▶ [WORK TO BE COMPLETED] Your copy starts at the line containing "Handtuch-Set Done by" and ends at the last line below. Copy exactly, without pictures.

▶ [DATA EXCERPT]
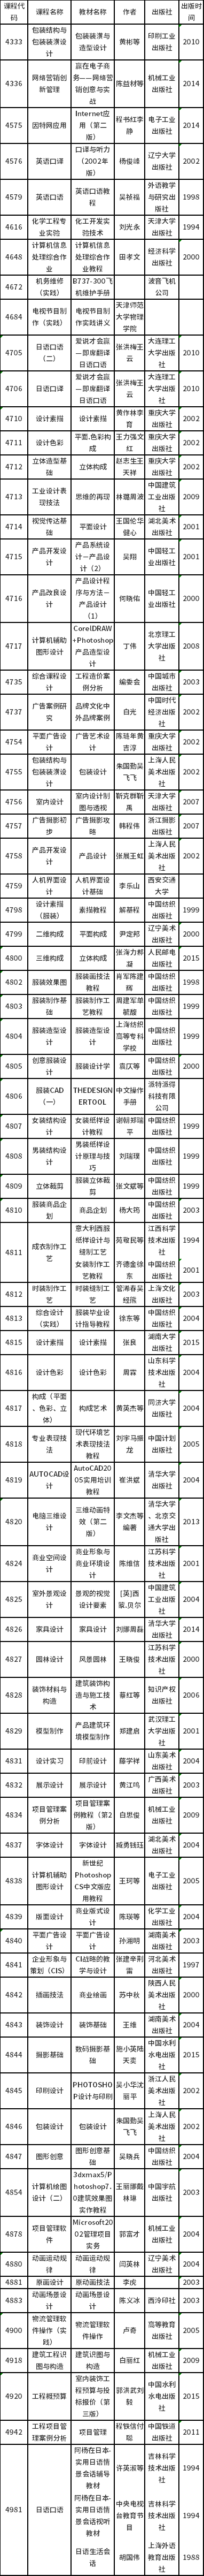 天津市2022年自学考试部分实践考核课程使用教材表
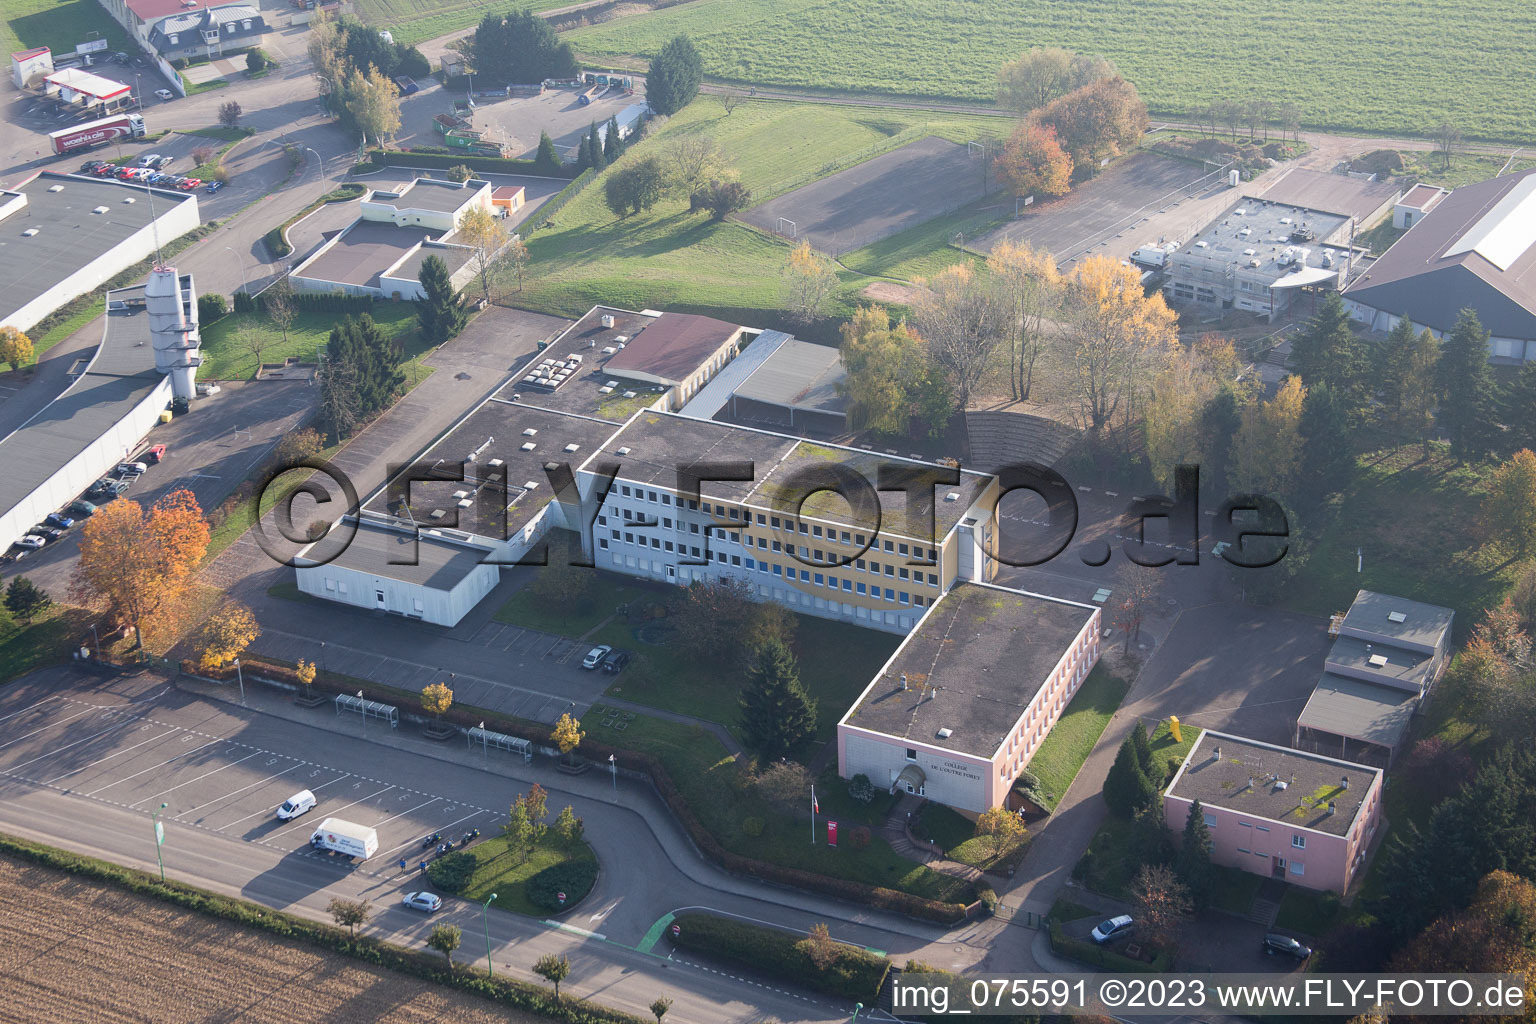 Soultz-sous-Forêts im Bundesland Bas-Rhin, Frankreich von der Drohne aus gesehen
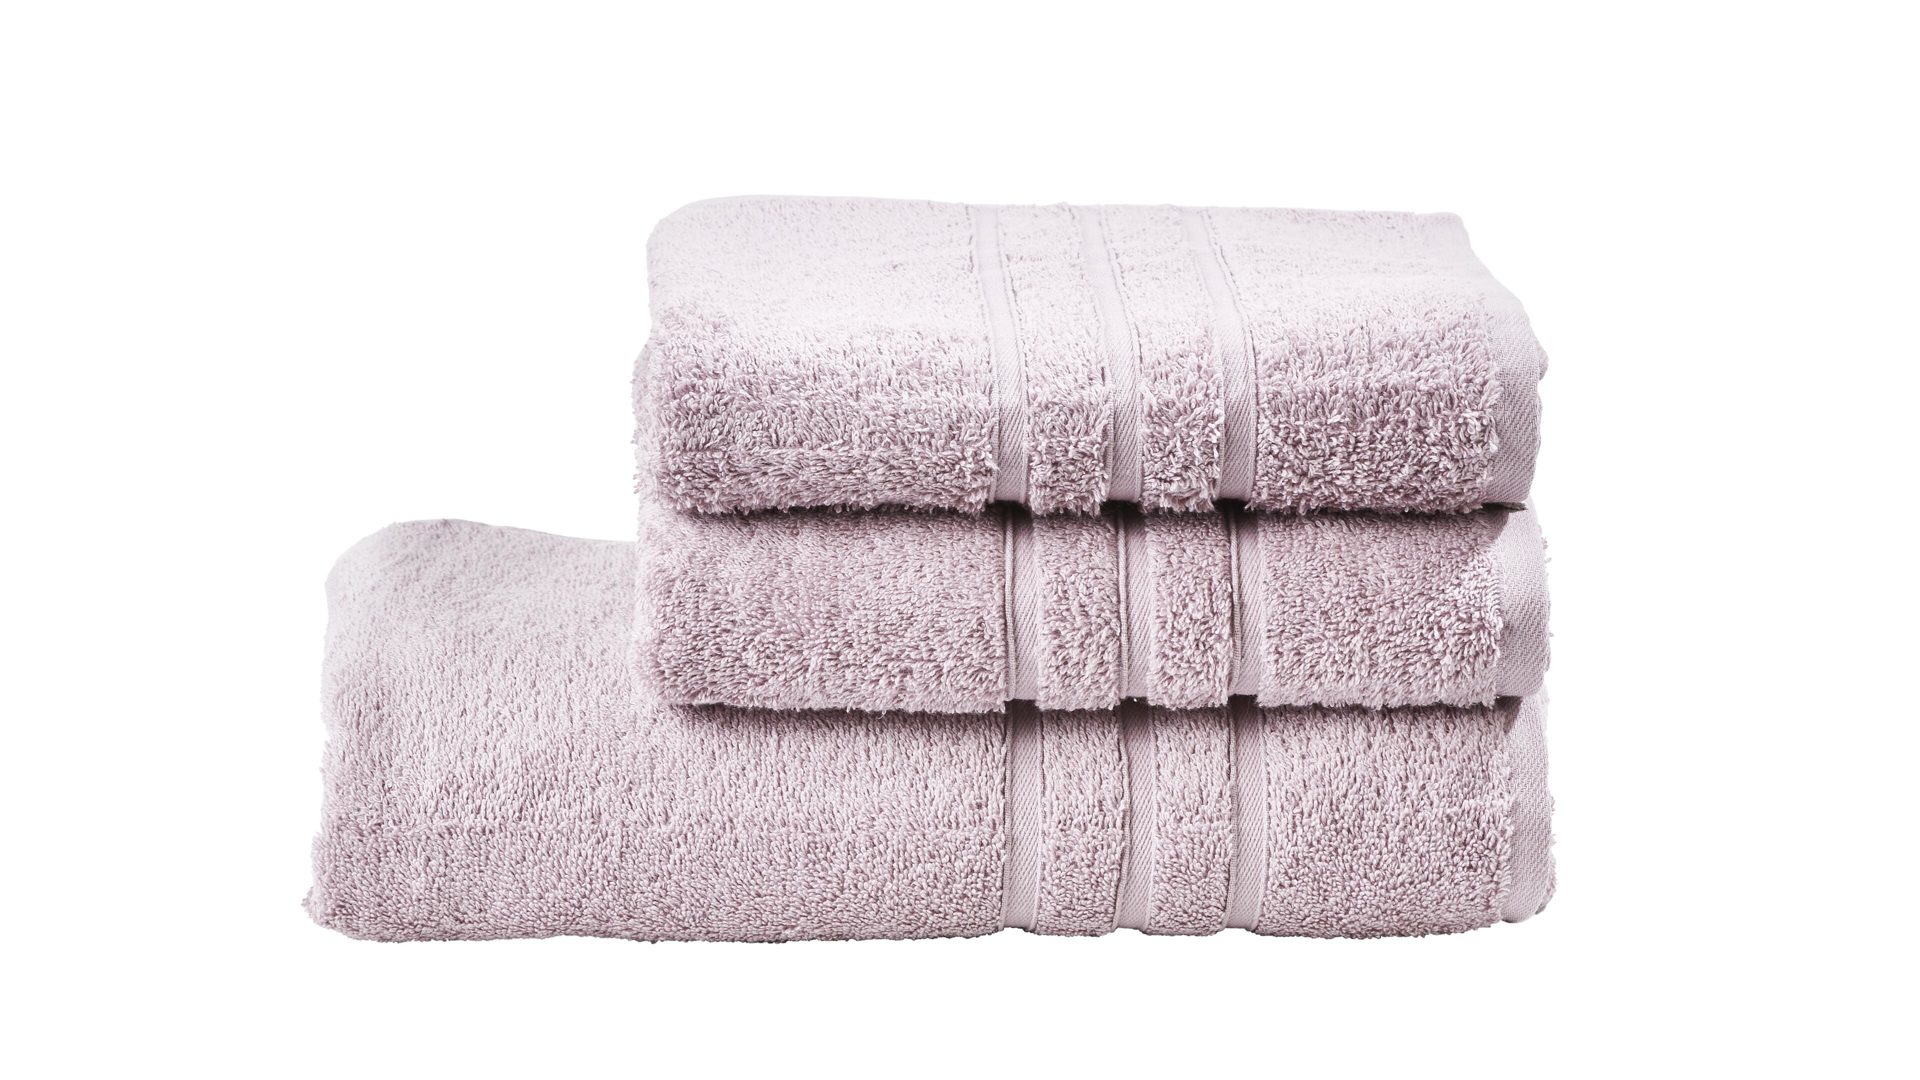 Handtuch-Set Done by karabel home company aus Stoff in Pastellfarben Done Handtuch-Set Daily Uni altrosafarbene Baumwolle – dreiteilig
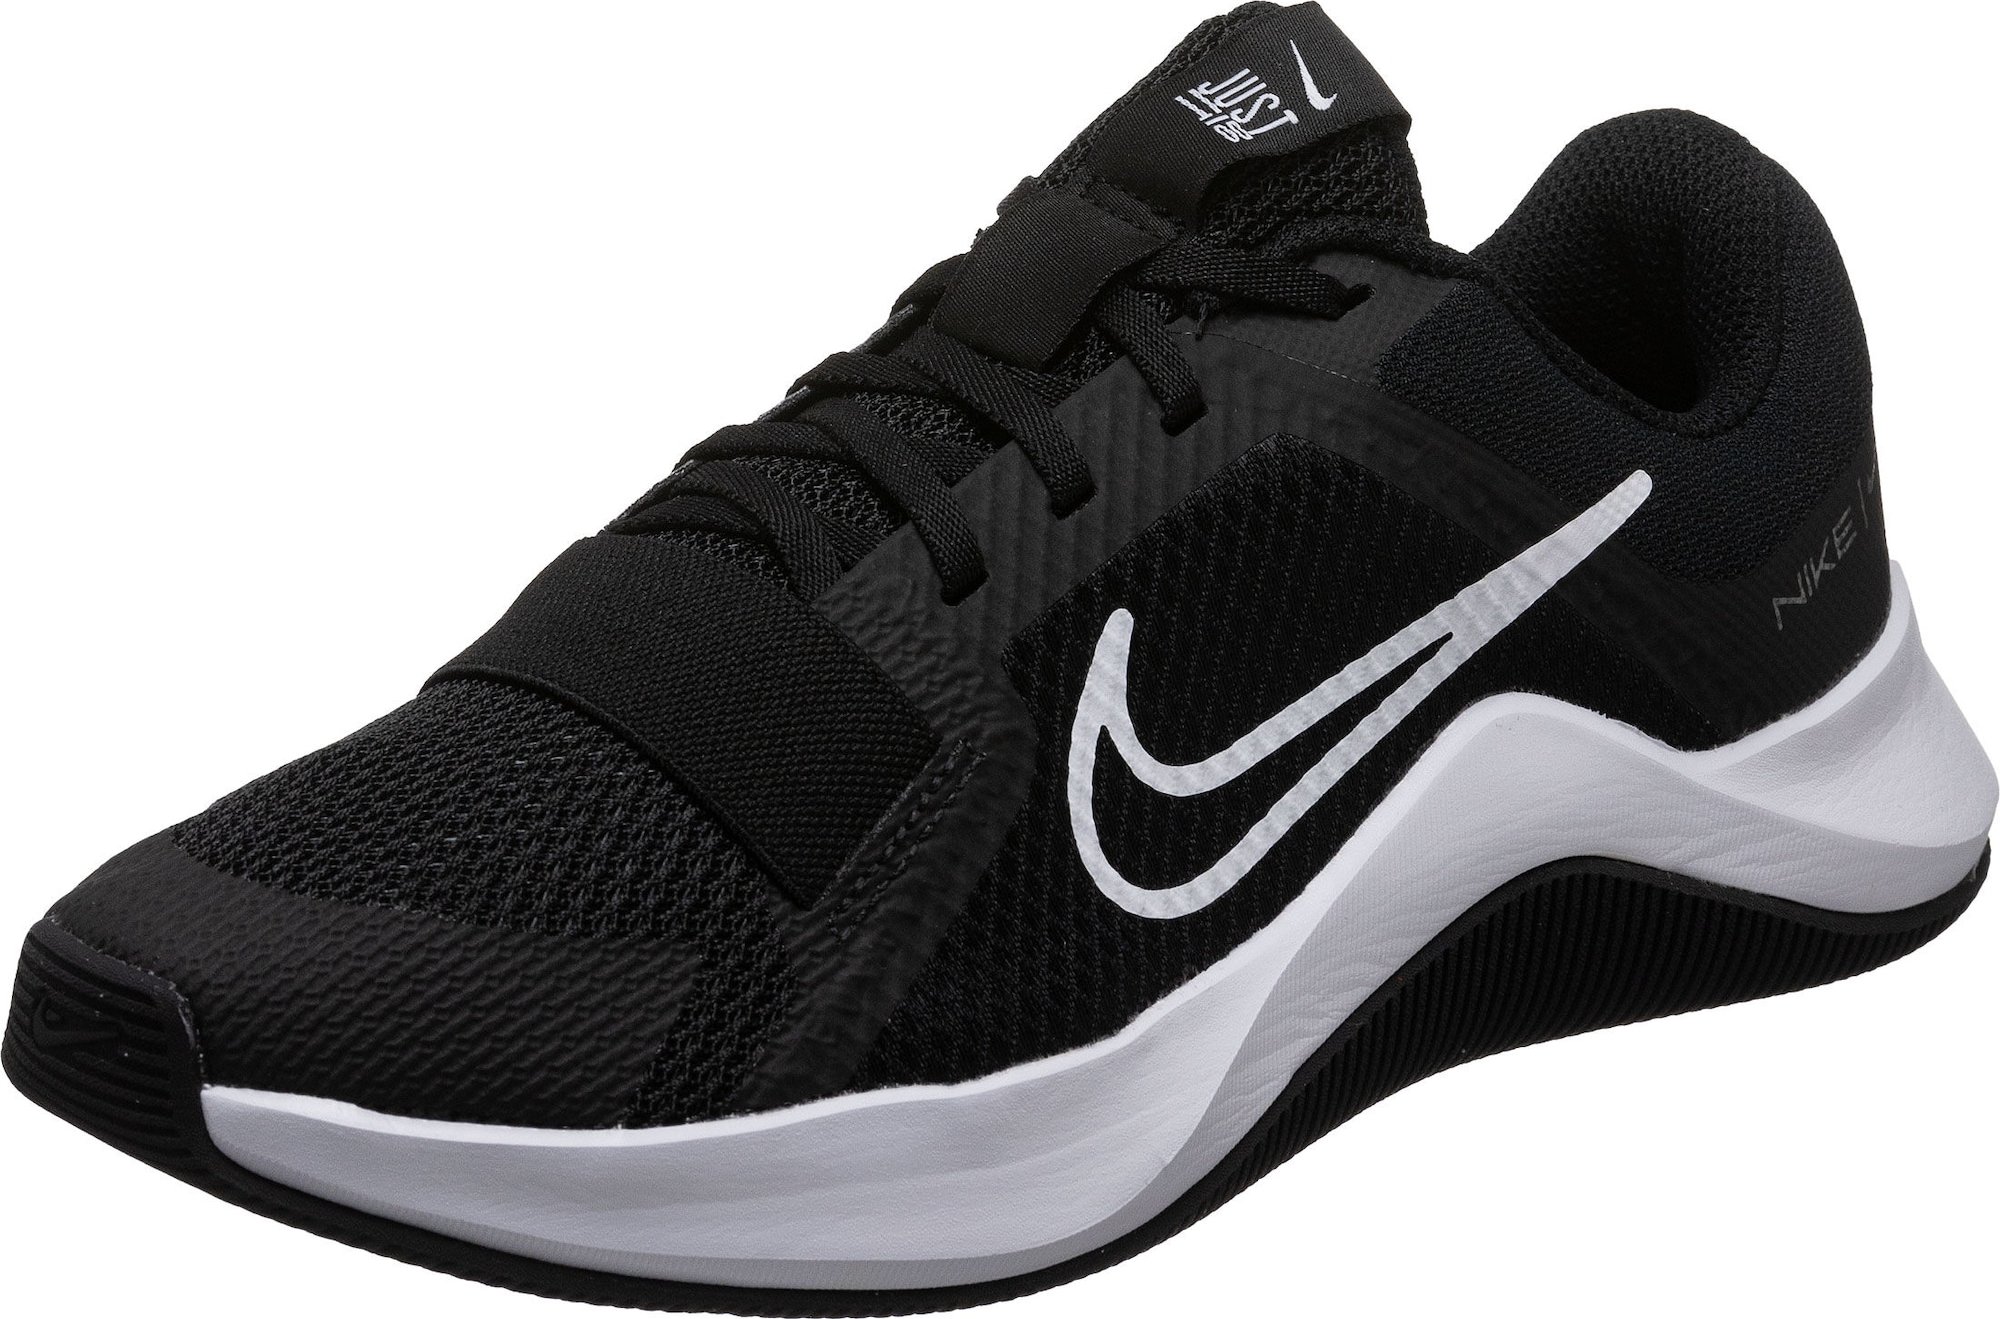 Sportovní boty 'City Trainer 2' Nike černá / bílá

▶ [RESPONSE TO THIS EXERCISE]
 Handtuch-Set Done by karabel home company aus Stoff in Pastellfarben Done Handtuch-Set Daily Uni altrosafarbene Baumwolle – dreiteilig
 Sportovní boty 'City Trainer 2' Nike černá / bílá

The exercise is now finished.